The MIANALYZE Procedure

Combining Inferences from Imputed Data Sets

With m imputations, m different sets of the point and variance estimates for a parameter Q can be computed. Suppose that $\hat{Q_ i}$ and $\hat{W_ i}$ are the point and variance estimates, respectively, from the ith imputed data set, i = 1, 2, …, m. Then the combined point estimate for Q from multiple imputation is the average of the m complete-data estimates:

\[  {\overline Q} = \frac{1}{m} \sum _{i=1}^{m} \hat{Q_ i}  \]

Suppose that ${\overline W}$ is the within-imputation variance, which is the average of the m complete-data estimates:

\[  {\overline W} = \frac{1}{m} \sum _{i=1}^{m} \hat{W_ i}  \]

And suppose that B is the between-imputation variance:

\[  B = \frac{1}{m-1} \sum _{i=1}^{m} (\hat{Q_ i}-{\overline Q})^2  \]

Then the variance estimate associated with ${\overline Q}$ is the total variance (Rubin, 1987)

\[  T = {\overline W} + (1+\frac{1}{m}) B  \]

The statistic $(Q-{\overline Q}) T^{-(1/2)}$ is approximately distributed as t with $v_{m}$ degrees of freedom (Rubin, 1987), where

\[  v_{m} = (m-1) {\left[ 1 + \frac{{\overline W}}{(1+m^{-1})B} \right]}^2  \]

The degrees of freedom $v_{m}$ depend on m and the ratio

\[  r = \frac{(1+m^{-1})B}{\overline W}  \]

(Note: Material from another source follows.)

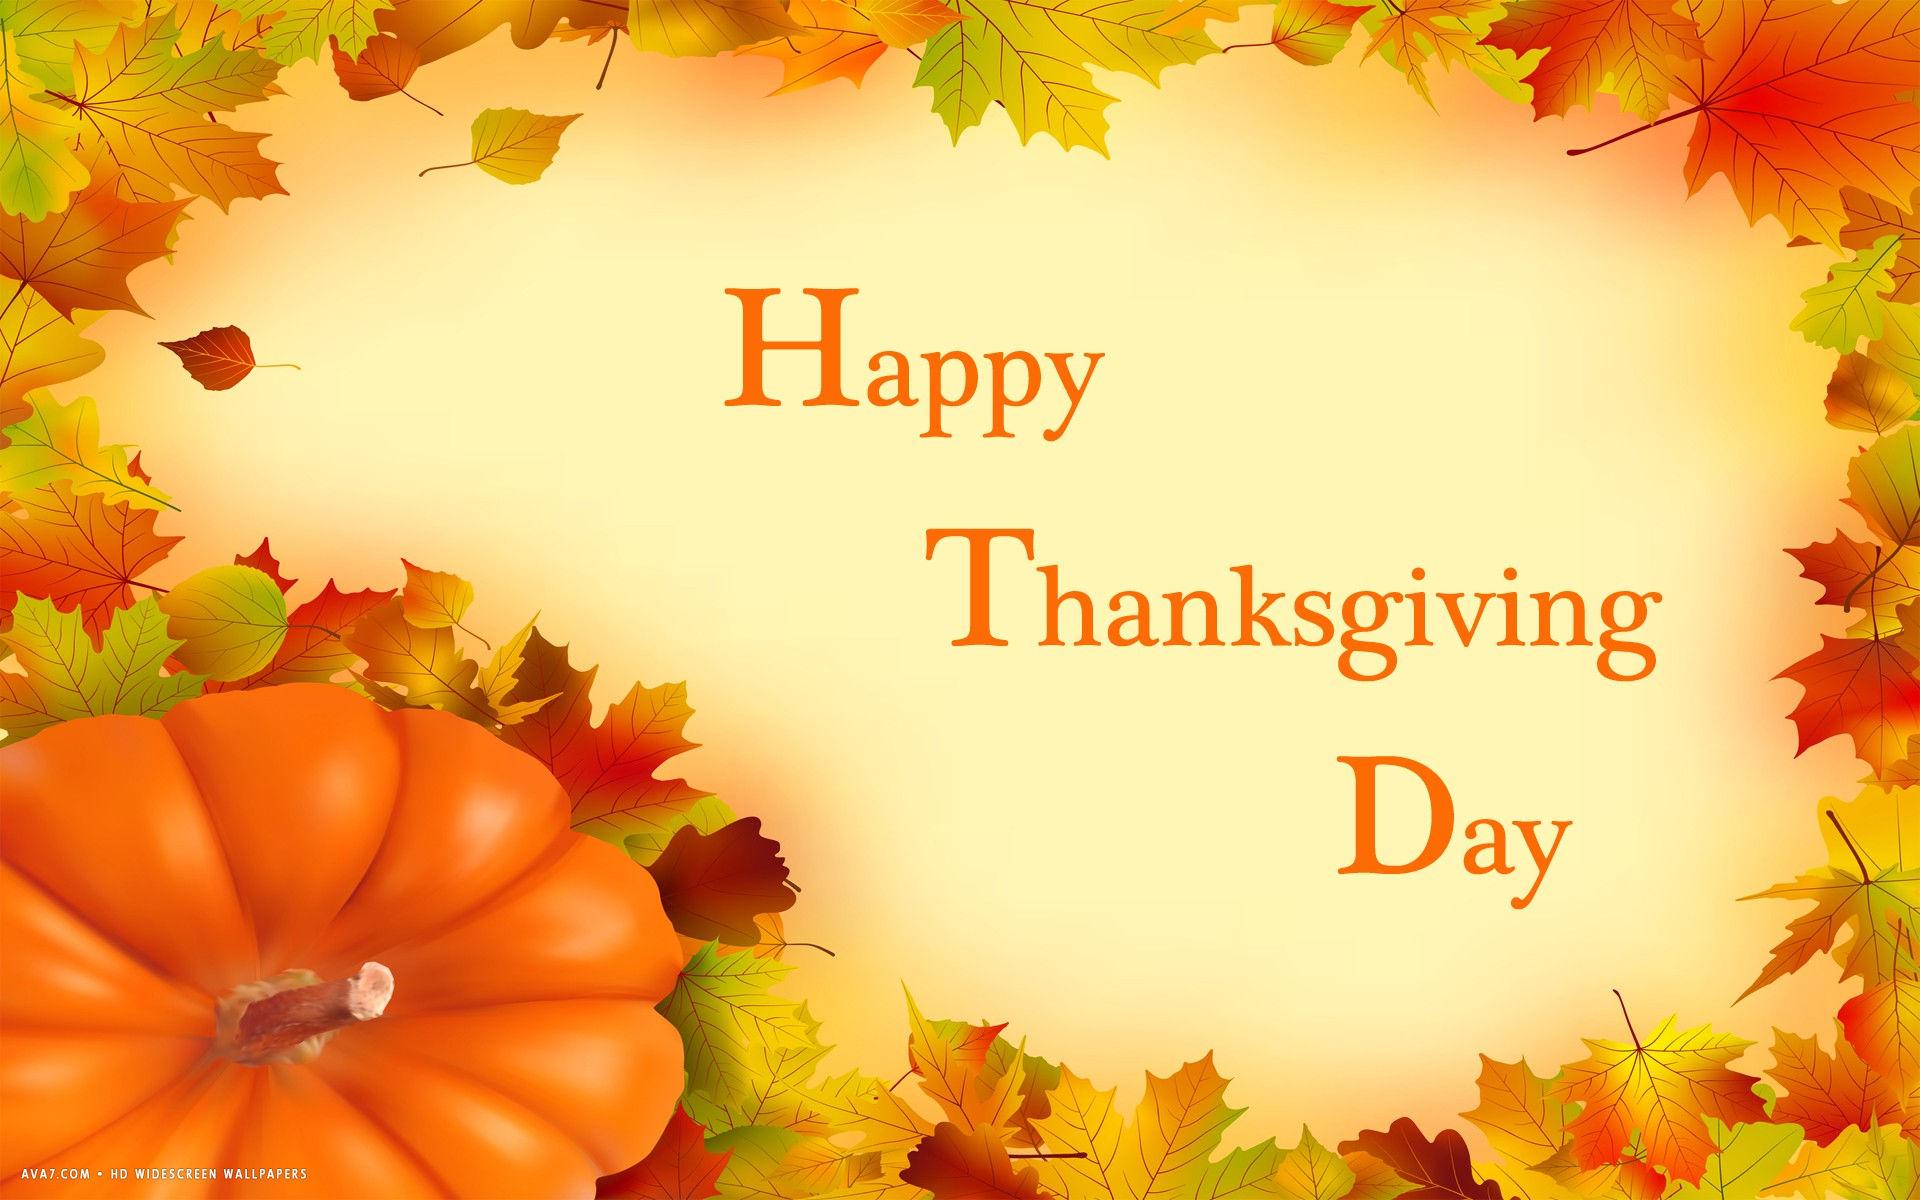 happy thanksgiving day wishes pumpkin yellow red leaves holiday HD widescreen wallpaper / holidays background

The ratio r is called the relative increase in variance due to nonresponse (Rubin, 1987). When there is no missing information about Q, the values of r and B are both zero. With a large value of m or a small value of r, the degrees of freedom $v_{m}$ will be large and the distribution of $(Q-{\overline Q}) T^{-(1/2)}$ will be approximately normal.

Another useful statistic is the fraction of missing information about Q:

\[  \hat{\lambda } = \frac{r+2/(v_{m}+3)}{r+1}  \]

Both statistics r and $\lambda $ are helpful diagnostics for assessing how the missing data contribute to the uncertainty about Q.

When the complete-data degrees of freedom $v_{0}$ are small, and there is only a modest proportion of missing data, the computed degrees of freedom, $v_{m}$, can be much larger than $v_{0}$, which is inappropriate. For example, with m = 5 and r = 10%, the computed degrees of freedom $v_{m}=484$, which is inappropriate for data sets with complete-data degrees of freedom less than 484.

Barnard and Rubin (1999) recommend the use of adjusted degrees of freedom

\[  v_{m}^{*} = \,  \left[ \frac{1}{v_{m}} + \frac{1}{\hat{v}_{\mathit{obs}}} \right] ^{-1}  \]

where   $\hat{v}_{\mathit{obs}} = (1 - \gamma ) \,  v_{0} (v_{0}+1) / (v_{0}+3)$   and   $\gamma = (1+m^{-1}) B / T$.

If you specify the complete-data degrees of freedom $v_{0}$ with the EDF= option, the MIANALYZE procedure uses the adjusted degrees of freedom, $v_{m}^{*}$, for inference. Otherwise, the degrees of freedom $v_{m}$ are used.